In particolare, il Tribunale ha illustrato le ragioni per cui non poteva ravvisarsi un possesso qualificato in capo agli opponenti, meri detentori del Castello e dei beni mobili ivi custoditi, e per cui le prove dedotte non potevano ritenersi rilevanti; e di tali statuizioni la censura non si fa carico attraverso specifiche deduzioni.

4. In conclusione, il ricorso va dichiarato inammissibile.

Le spese seguono la soccombenza nella misura liquidata in dispositivo.

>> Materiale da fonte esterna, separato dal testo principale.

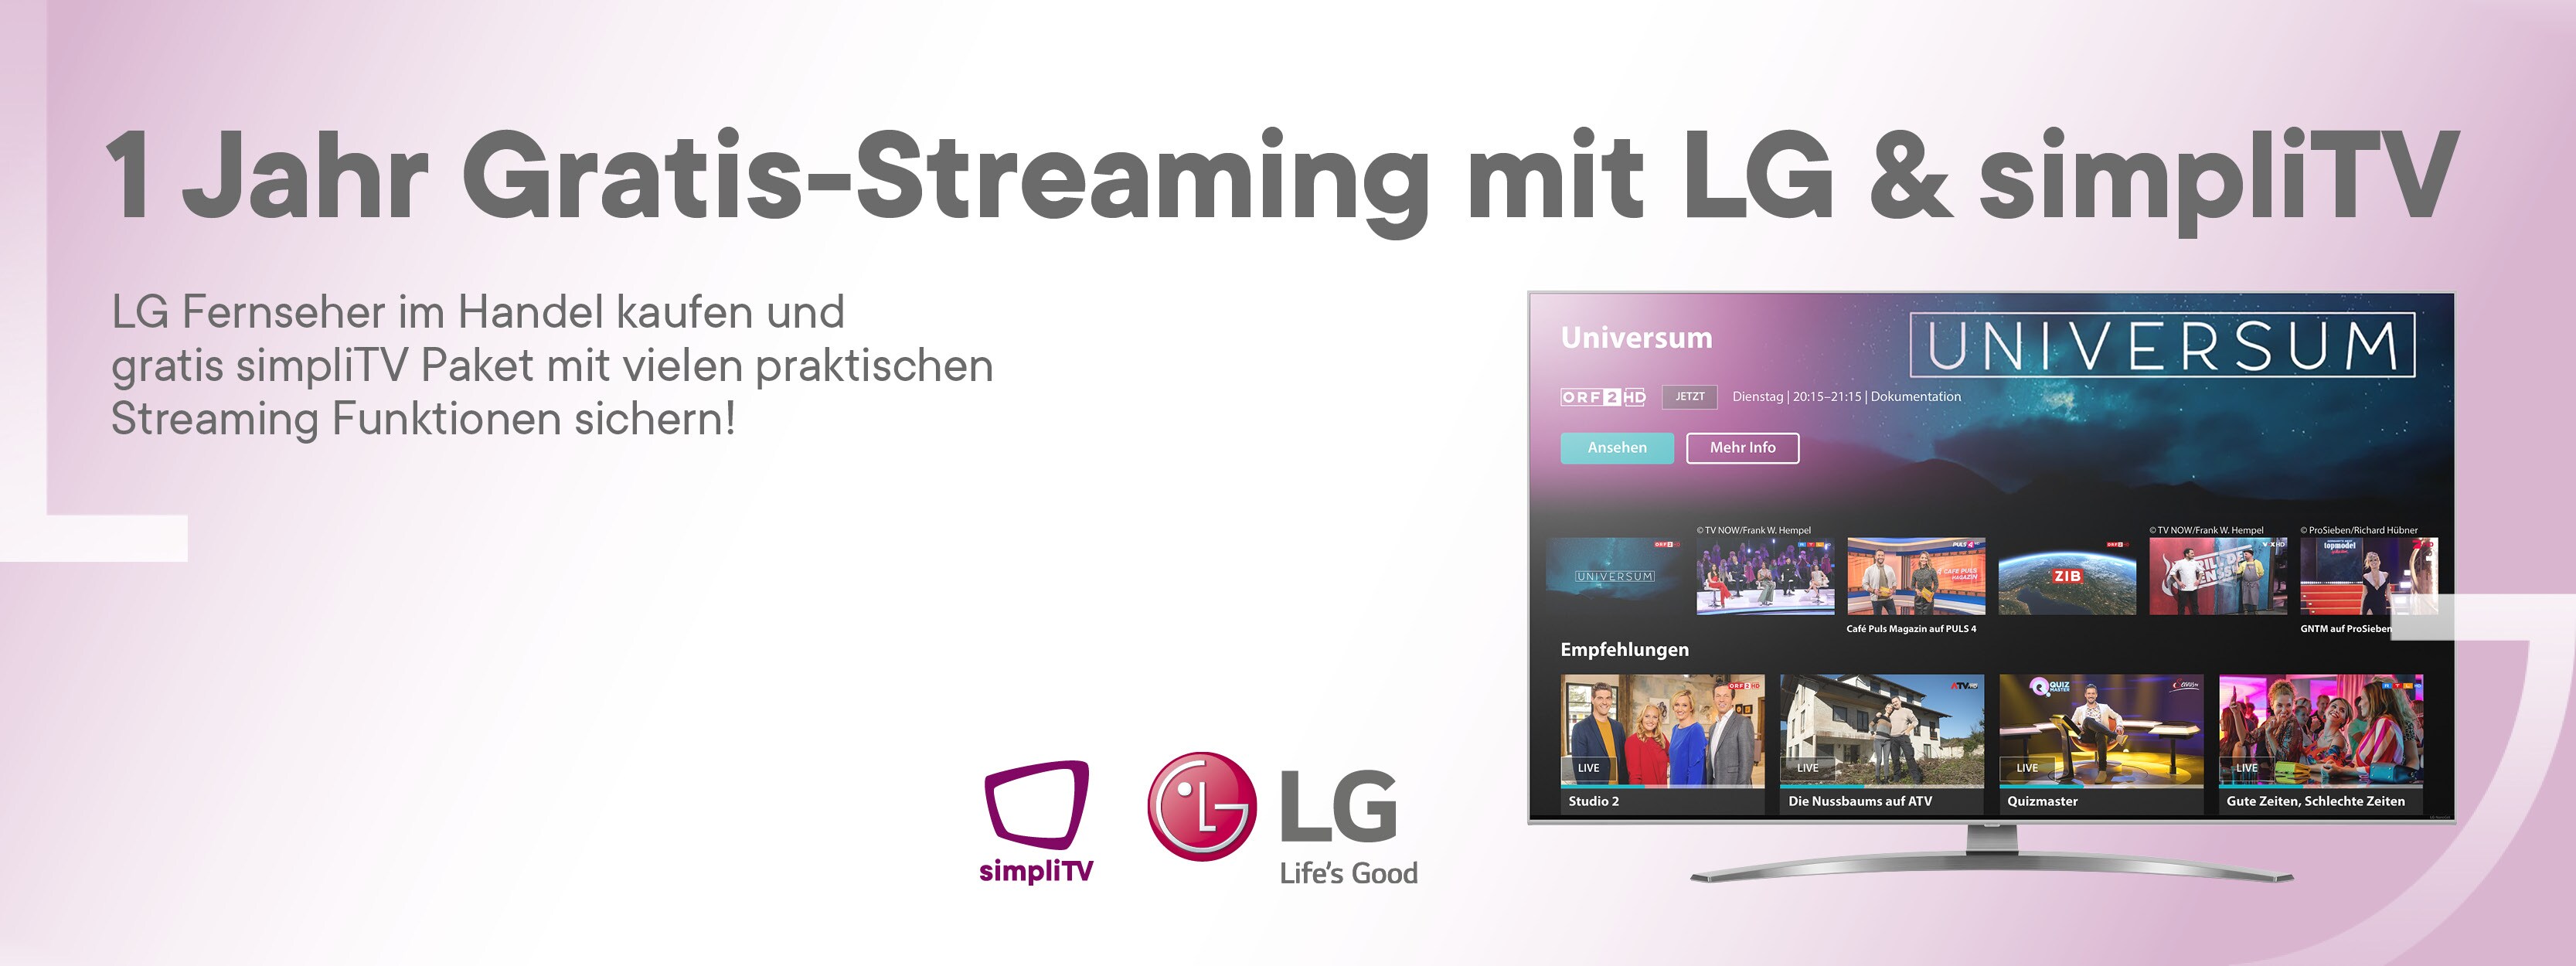 1 Jahr Gratis-Streaming  mit LG & simpliTV

Va dato atto della sussistenza dei presupposti processuali per il versamento, da parte del ricorrente ai sensi del D.P.R. n. 115 del 2002, art. 13, comma 1 quater, nel testo introdotto dalla L. n. 228 del 2012, art. 1, comma 17, di un ulteriore importo a titolo di contributo unificato, in misura pari a quello, ove dovuto, per il ricorso, a norma dello stesso art. 13, comma 1 bis (Cass. S.U. n. 23535 del 20/9/2019).

P.Q.M.

– Dichiara inammissibile il ricorso;

– Condanna il ricorrente alla rifusione delle spese processuali che liquida in Euro 7.000,00=, oltre Euro 200,00= per esborsi, spese generali liquidate forfettariamente nella misura del 15% ed accessori di legge;

– Dà atto della sussistenza dei presupposti processuali per il versamento, da parte del ricorrente, ai sensi del D.P.R. n. 115 del 2002, art. 13, comma 1 quater, nel testo introdotto dalla L. n. 228 del 2012, art. 1, comma 17, di un ulteriore importo a titolo di contributo unificato, in misura pari a quello, ove dovuto, per il ricorso, a norma dello stesso art. 13, comma 1 bis.

Così deciso in Roma, il 13 gennaio 2022.